Ambiguity taxes every standup
Without a shared picture, teams debate the same question daily:
- Is this a metafield or a database column?
- Who owns credit limit enforcement?
- Is POS allowed to call that API directly?
- Which env is source of truth for webhooks?
Docs do not eliminate debate. They move it earlier, where changes are cheap.
What “good enough” architecture writing looks like
I do not aim for novel-length specs. I aim for artifacts that survive contact with implementation:
- Problem statement: who hurts, what outcome matters
- In-scope / out-of-scope: especially out-of-scope
- Domain model / ERD: entities and relationships
- Runtime diagram: Admin/POS/Checkout/Functions/Lambdas/DB
- Failure modes: retries, idempotency, fail closed/open
- Delivery slices: what ships first without pretending the end state arrives day one
If a doc cannot help a new engineer make a correct decision in week one, it is decoration.
Diagrams must match deployables
A beautiful box diagram that ignores Shopify extension targets, Terraform workspaces, and queue boundaries will mislead. Draw the thing you can deploy and observe. Include the awkward parts: manual Lambdas, cron that still exists, Lightsail vs ECS differences.
Docs rot is a process problem
Docs die when updating them is nobody’s job.
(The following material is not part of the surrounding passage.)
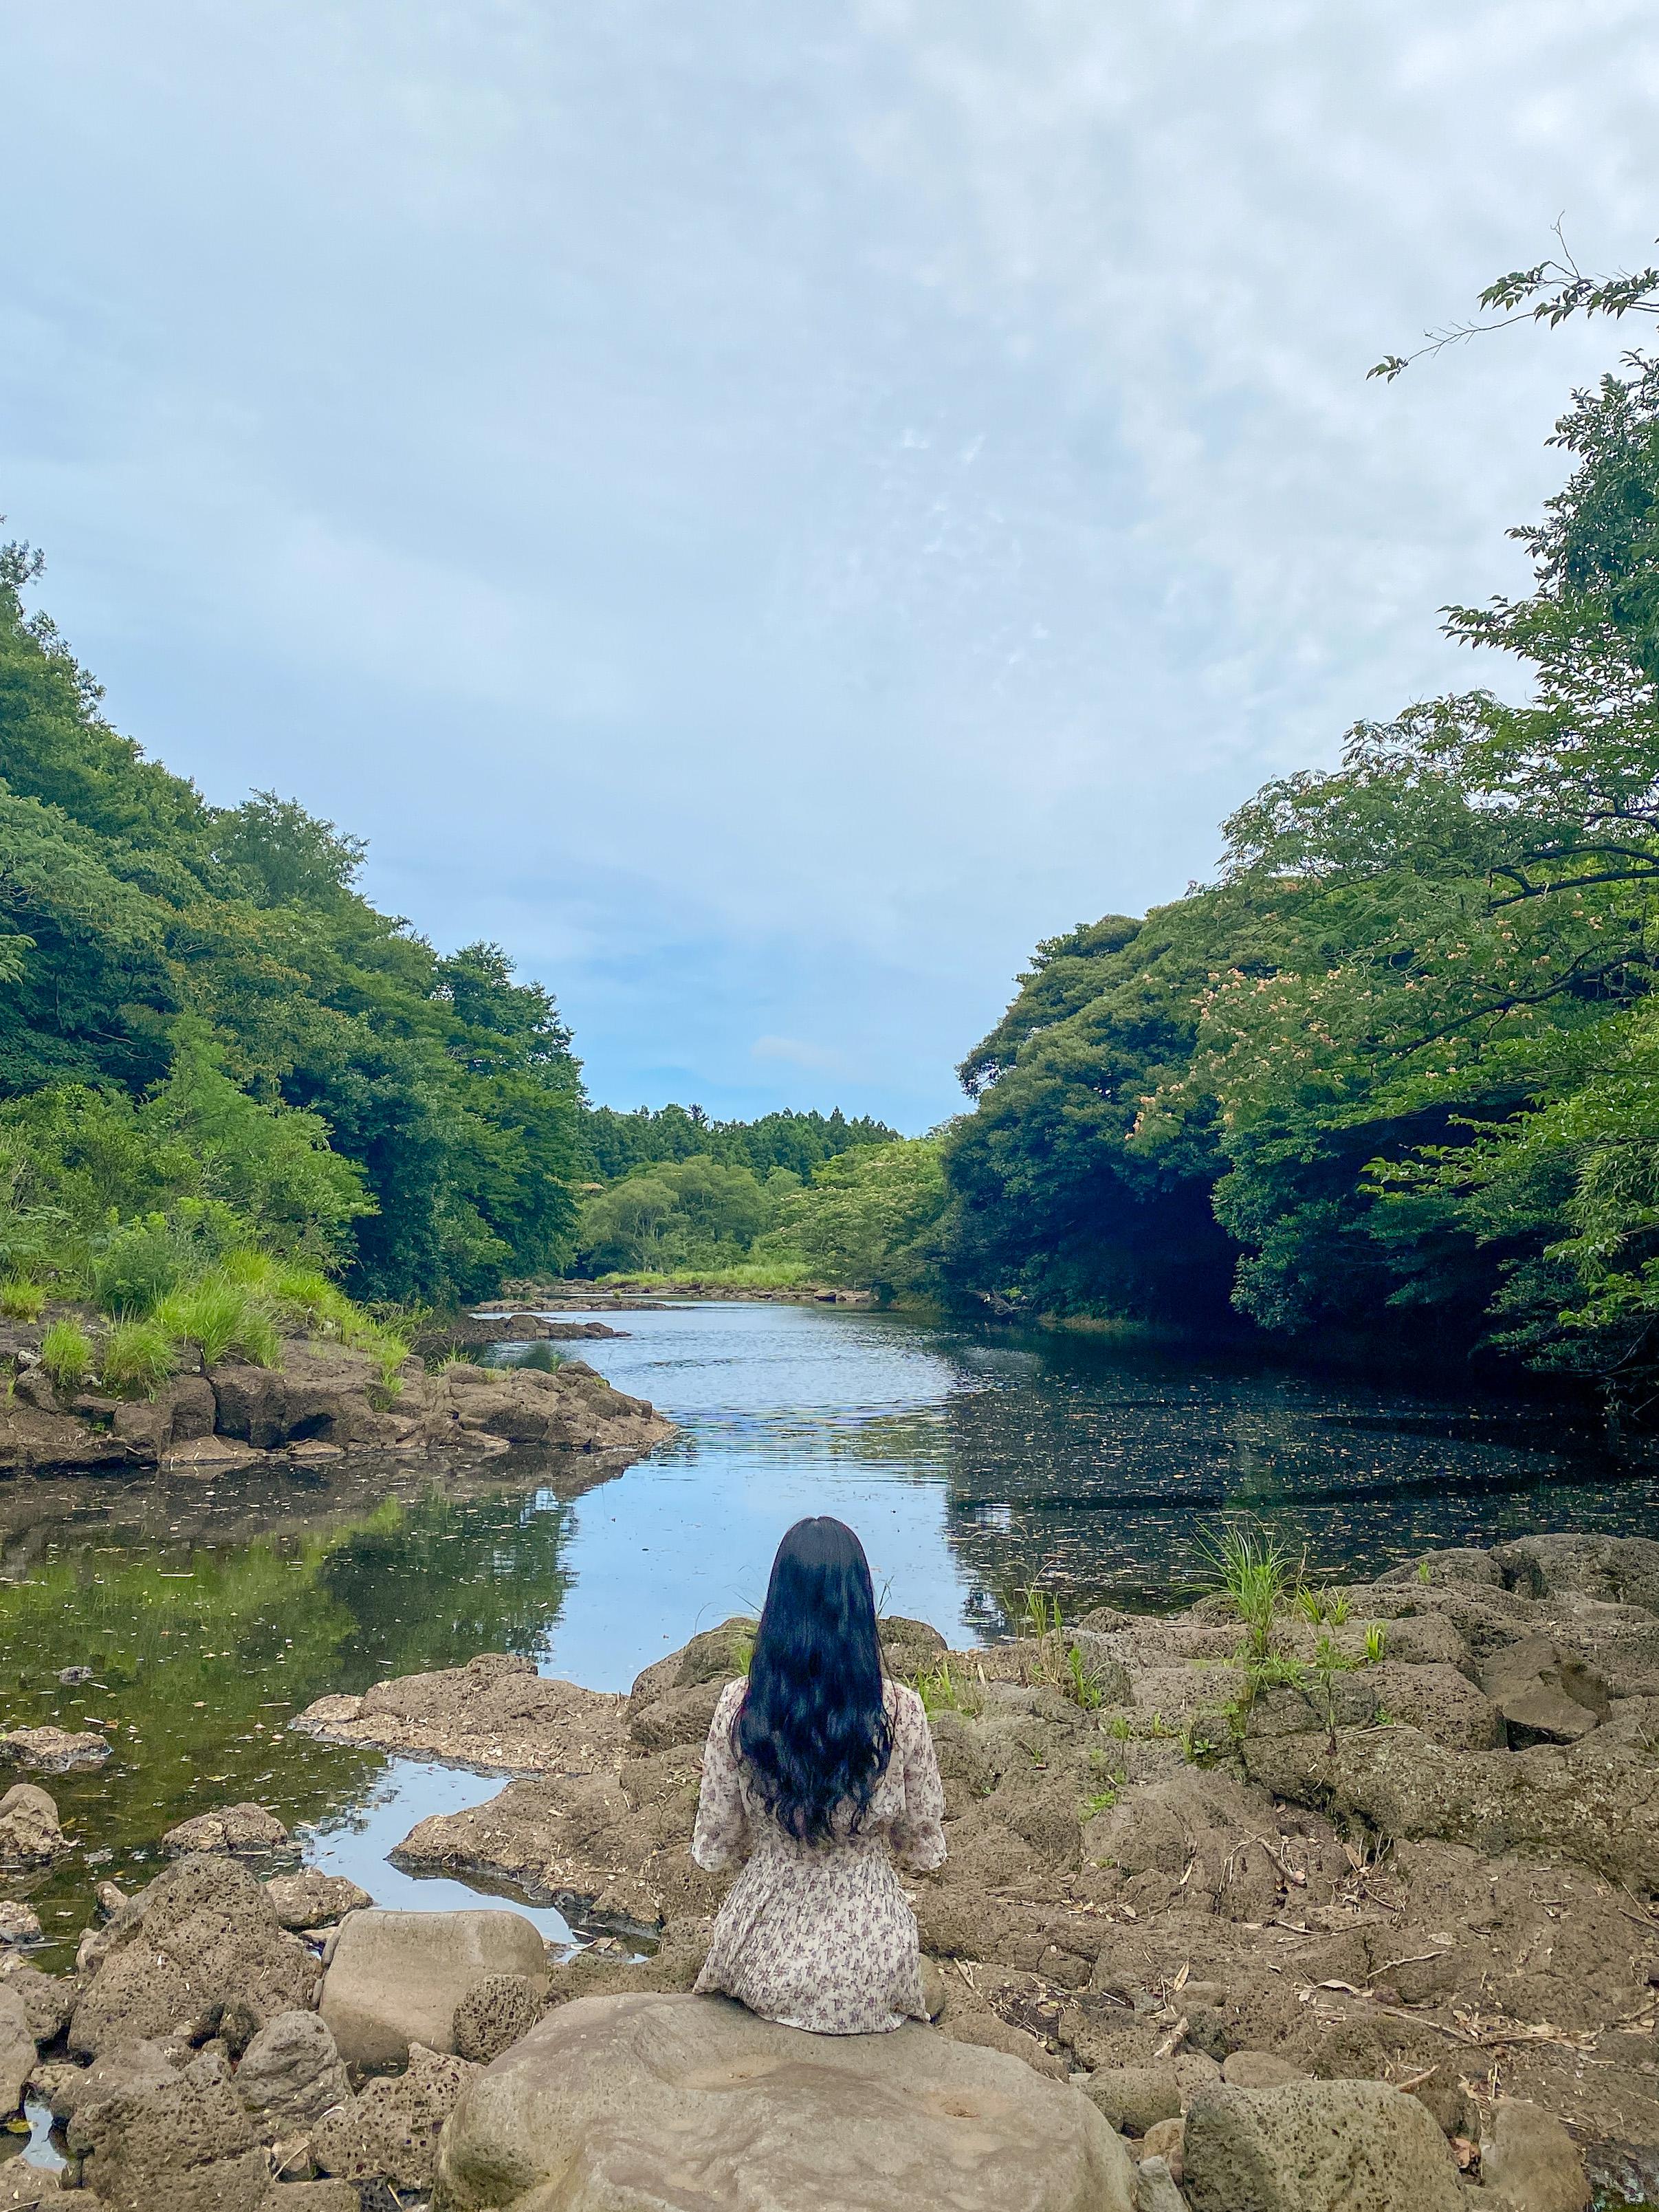 둑길 옆 바위에 앉아서 한 컷

Practical habits:
- Require diagram/doc touch on PRs that change boundaries
- Keep docs next to code when possible
- Prefer short living docs over perfect abandoned ones
- Capture decisions (light ADRs) when tradeoffs are heated
Mentoring lives in artifacts
When you mentor developers, a crisp architecture doc multiplies you. You are not endlessly re-explaining the system verbally. You are teaching people to navigate a map, and to improve the map.
Leadership takeaway
Technical leadership is often framed as meetings and velocity charts. A large part of it is making complexity visible early enough that the team can still choose.
Write the map. Keep it honest. Ship against it.